La Mer de Glace (Haute-Savoie), en septembre 2013. © Benjamin Dumas/Flickr

Pour combler ce déficit de connaissances et de sensibilisation du grand public, l’Unesco vient de publier son rapport mondial 2025 sur «la mise en valeur des ressources en eau». Un défi de taille, sachant que les glaciers sont essentiels à notre survie, et ce à de nombreux niveaux.

Des écosystèmes précieux

«Quel que soit l’endroit où nous vivons, nous dépendons tous d’une manière ou d’une autre des montagnes et des glaciers», avance Audrey Azoulay, directrice générale de l’Unesco. Les régions montagneuses abritent près d’1,1 milliard de personnes (15% de la population mondiale), tandis que plus de deux milliards dépendent directement de l’eau des montagnes. Elles fournissent jusqu’à 60% des flux annuels d’eau douce à travers le globe. Concrètement, elles assurent l’approvisionnement en eau, l’assainissement, mais aussi la sécurité alimentaire et énergétique (via l’hydroélectricité) de la population.

Ces territoires revêtent une importance notable pour des secteurs économiques tels que la sylviculture (l’exploitation des forêts) et le tourisme. Enfin, ils abritent une biodiversité précieuse, et souvent endémique (que l’on ne trouve que dans une zone géographique donnée).

«Pas un glacier ne sera épargné»

Les montagnes et les glaciers sont en première ligne face au dérèglement climatique. D’après une étude publiée dans la revue Science en 2023, la moitié des glaciers du monde devraient disparaître d’ici 2100, y compris si le réchauffement climatique se limite à +1,5°C par rapport à l’ère préindustrielle (milieu du 19ème siècle) — l’objectif visé par les signataires de l’Accord de Paris sur le climat, mais jugé peu probable par une grande partie des scientifiques. «Pas un glacier ne sera épargné par le changement climatique», prévient la glaciologue Heïdi Sevestre.

Le réchauffement de la planète accélère la fonte des glaciers à un rythme sans précédent, attaque le manteau neigeux et perturbe le régime des précipitations (notamment en intensifiant les pluies). Il augmente aussi le risque ou l’intensité d’événements extrêmes comme des inondations ou des glissements de terrain. De quoi favoriser des phénomènes annexes comme des coulées de débris, des crues, des avalanches et entraîner des conséquences notables pour les populations, la biodiversité et les infrastructures. Le recul des glaciers et la baisse des chutes de neige vont également toucher deux tiers de l’agriculture irriguée à l’échelle mondiale, révèle le rapport.
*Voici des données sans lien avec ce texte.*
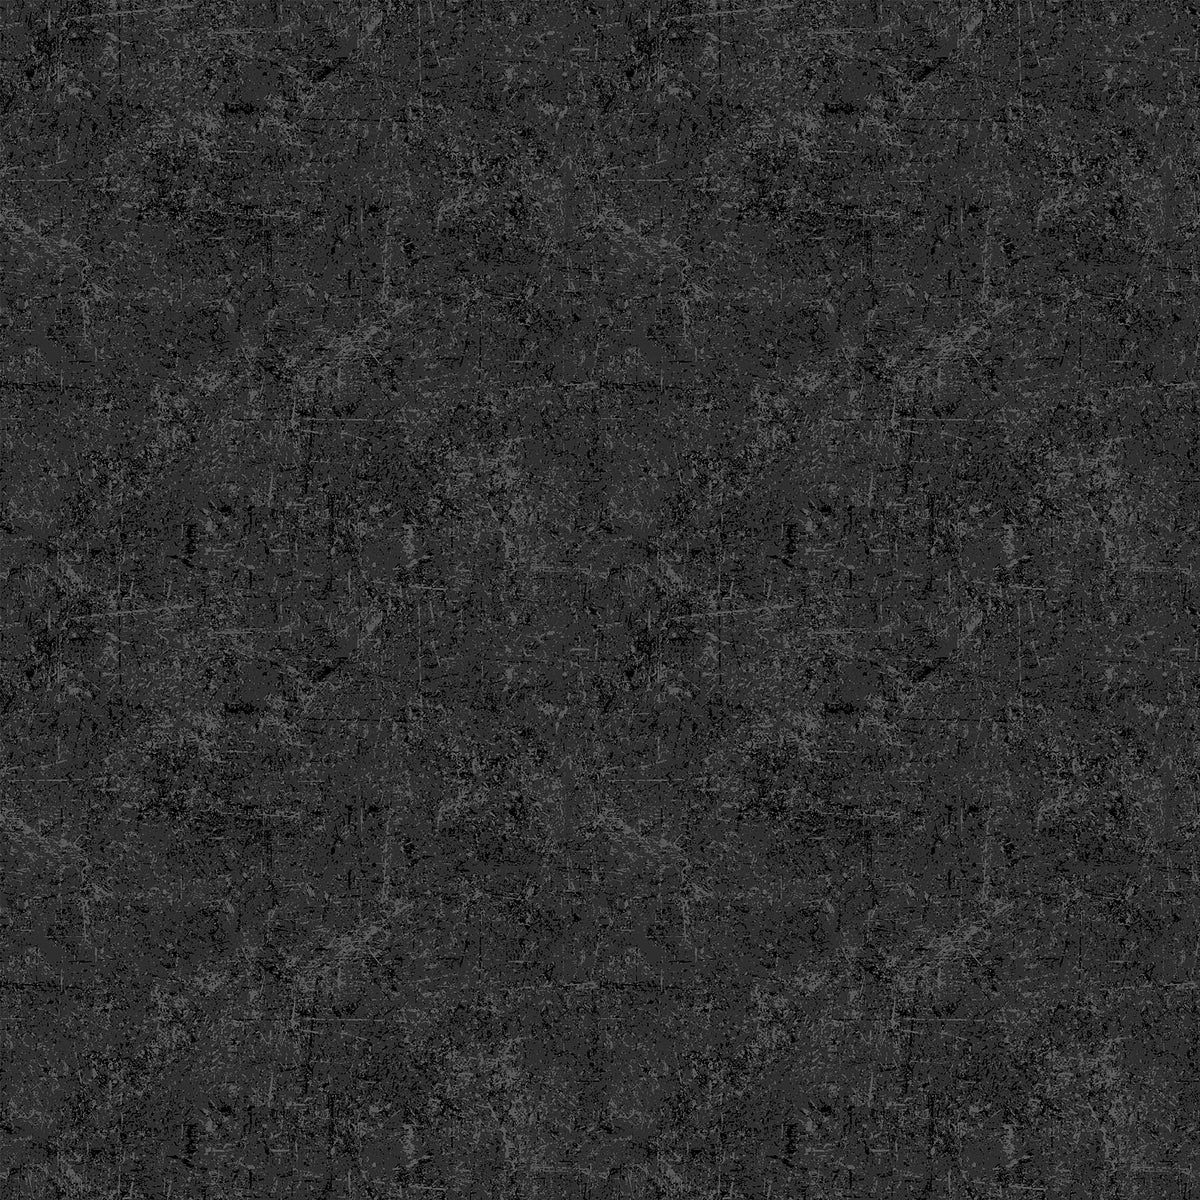 Glisten Quilt Fabric - Blender in Charcoal Black - P10091-99

C’est sans compter l’importance culturelle des glaciers pour d’innombrables communautés qui ont toujours vécu à leurs côtés. «Quand j’avais la vingtaine, ma mère m’a montré une photo de mon arrière-grand-mère sur la Mer de Glace [le plus grand glacier de France, en Haute-Savoie, NDLR]. Cent ans plus tard, j’y suis retournée et je me suis retrouvée face à un canyon abyssal avec un tout petit peu de glace au fond. Ce qui se passe concrètement, c’est une perte de repères et de notre identité», raconte Heïdi Sevestre.

Une coopération internationale urgente

Malgré cette détérioration rapide et ses nombreuses implications, les régions montagneuses demeurent «largement absentes des priorités mondiales», déplore le rapport. Résultat : «Les politiques nationales en matière d’eau, d’agriculture, d’industrie et d’énergie privilégient généralement les bassins fluviaux plus peuplés, tandis que les montagnes reçoivent une attention moindre». Une réalité d’autant plus problématique qu’il s’agit d’un enjeu mondial.
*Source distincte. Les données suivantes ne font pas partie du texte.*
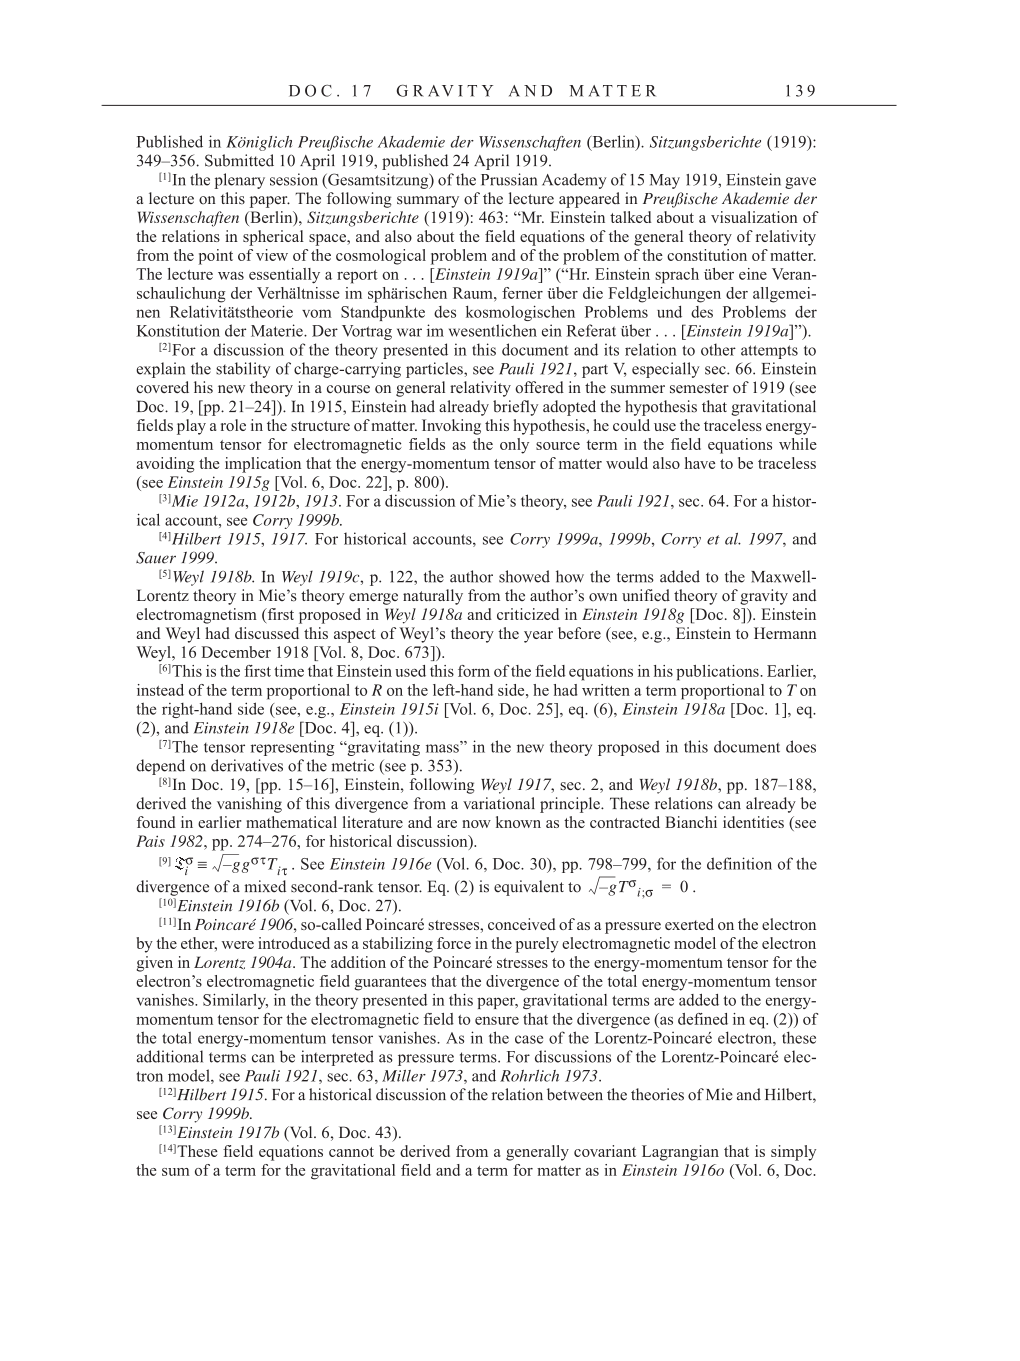 Volume 7: The Berlin Years: Writings, 1918-1921 page 139

La face nord du glacier du Petit Vignemale (Hautes-Pyrénées), en 1891 (à gauche), et ce même versant, en 2024 (à droite). © Association Moraine/Montage Vert

«C’est un défi qui dépasse les pays. Ce sont des chaînes de montagnes partagées, donc la collaboration entre nations est fondamentale», insiste Abou Amani, de l’Unesco. Ce travail ne devra pas non plus se faire sans établir un dialogue avec les peuples autochtones et les communautés locales, qui ont de nombreux enseignements à partager au sujet de la montagne, rappelle le rapport.

Pour lancer une mobilisation globale, les Nations unies ont fait de 2025 l’année internationale des glaciers, et inauguré une journée mondiale dédiée, qui sera désormais célébrée chaque année le 21 mars. «Cette année, faisons en sorte que tout le monde regarde les glaciers, appuie Heïdi Sevestre, mais pas seulement pour les voir disparaître.»